BRIEF: Every line of the data below should be repeated exactly, and no picture should be copied.

DATA BELOW:
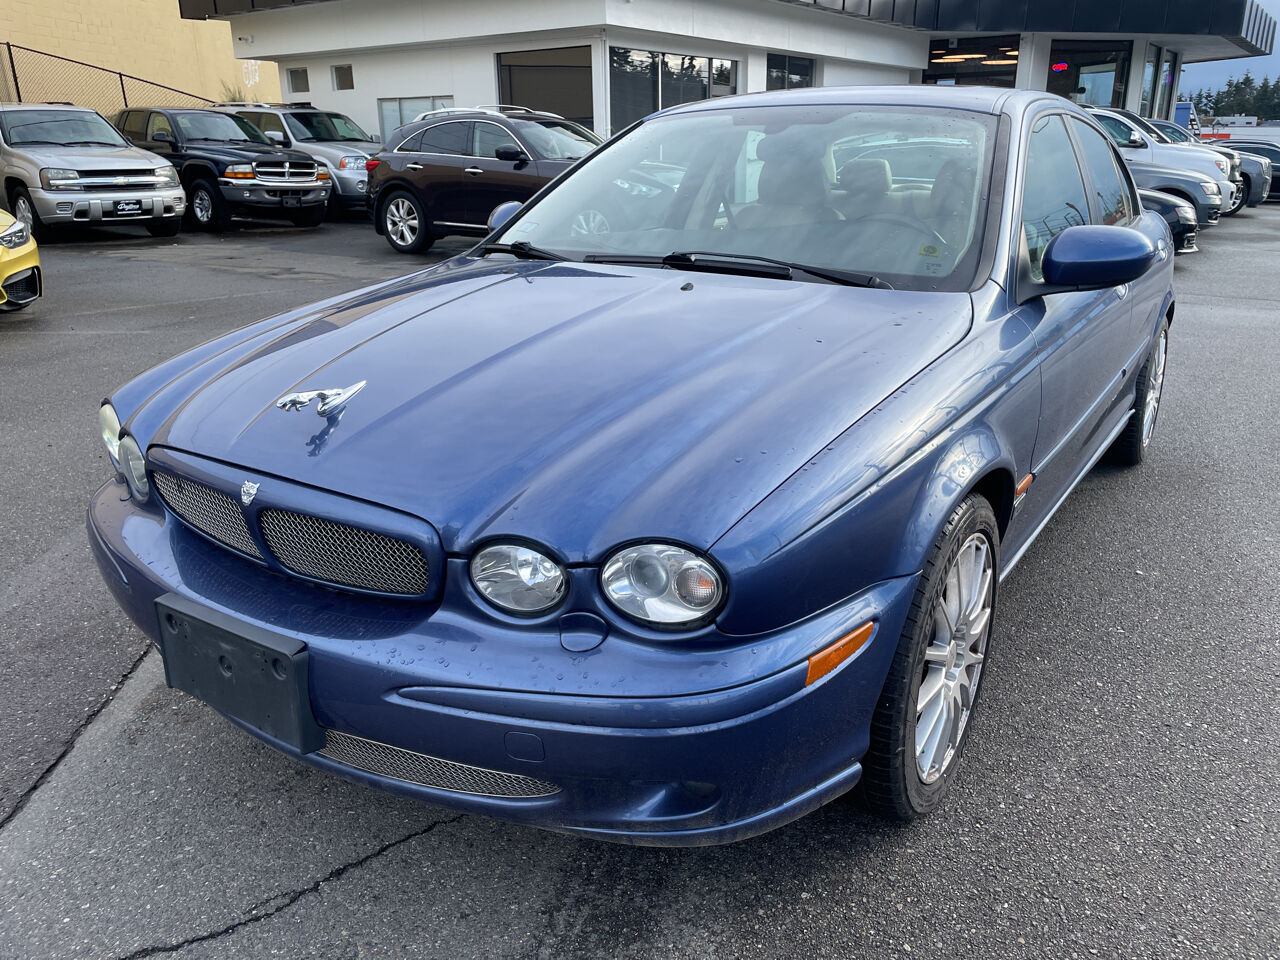 Jaguar X-Type For Sale In Los Angeles, CA - Carsforsale.com®
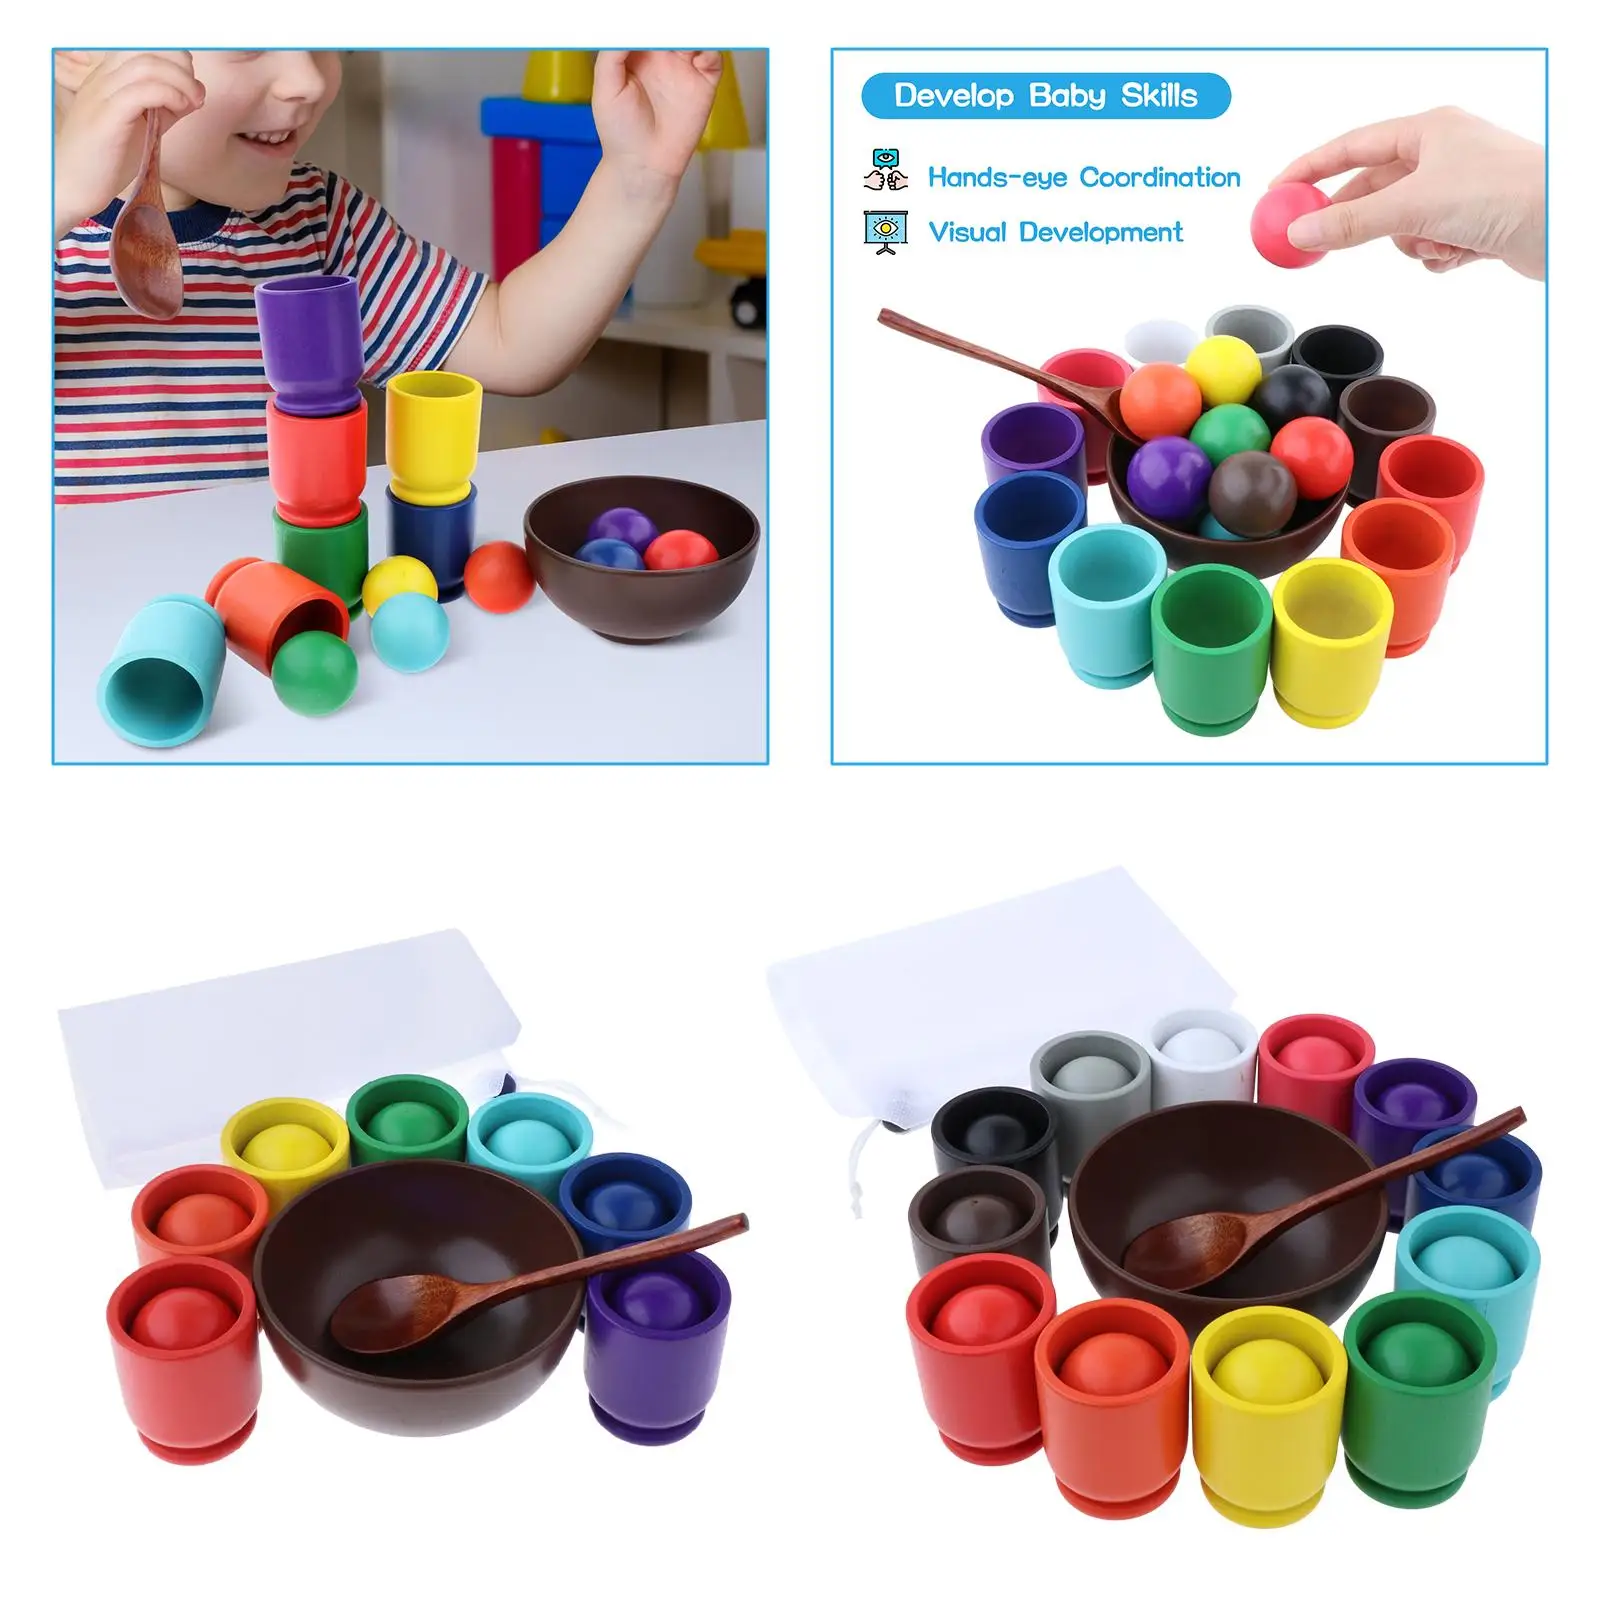 Children Rainbow Balls in Cups Montessori Toy, Wooden Sorter Game, Training Logical Thinking, Fine Motor Development for Kids
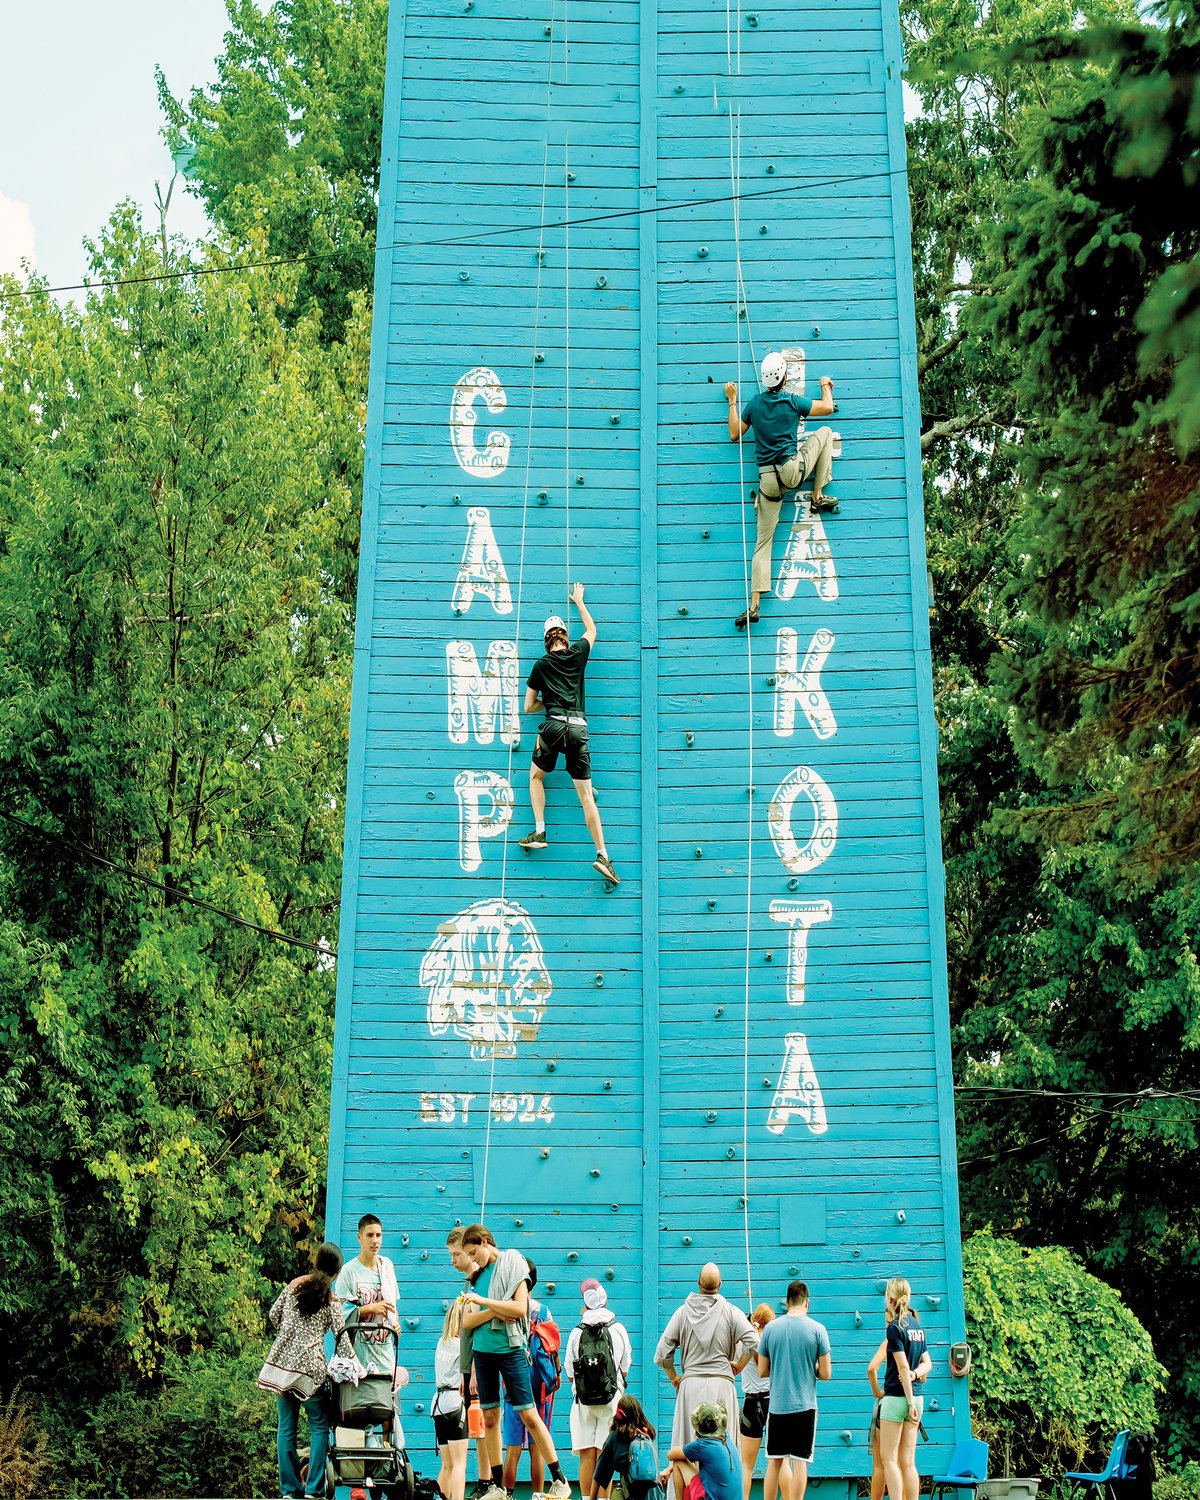 The climbing wall was hard to resist at Camp Veritas Aug. 18 at Camp Lakota in Sullivan County.

RESULT FOR THIS EXERCISE:
 Jaguar X-Type For Sale In Los Angeles, CA - Carsforsale.com®
 Children Rainbow Balls in Cups Montessori Toy, Wooden Sorter Game, Training Logical Thinking, Fine Motor Development for Kids
 The climbing wall was hard to resist at Camp Veritas Aug. 18 at Camp Lakota in Sullivan County.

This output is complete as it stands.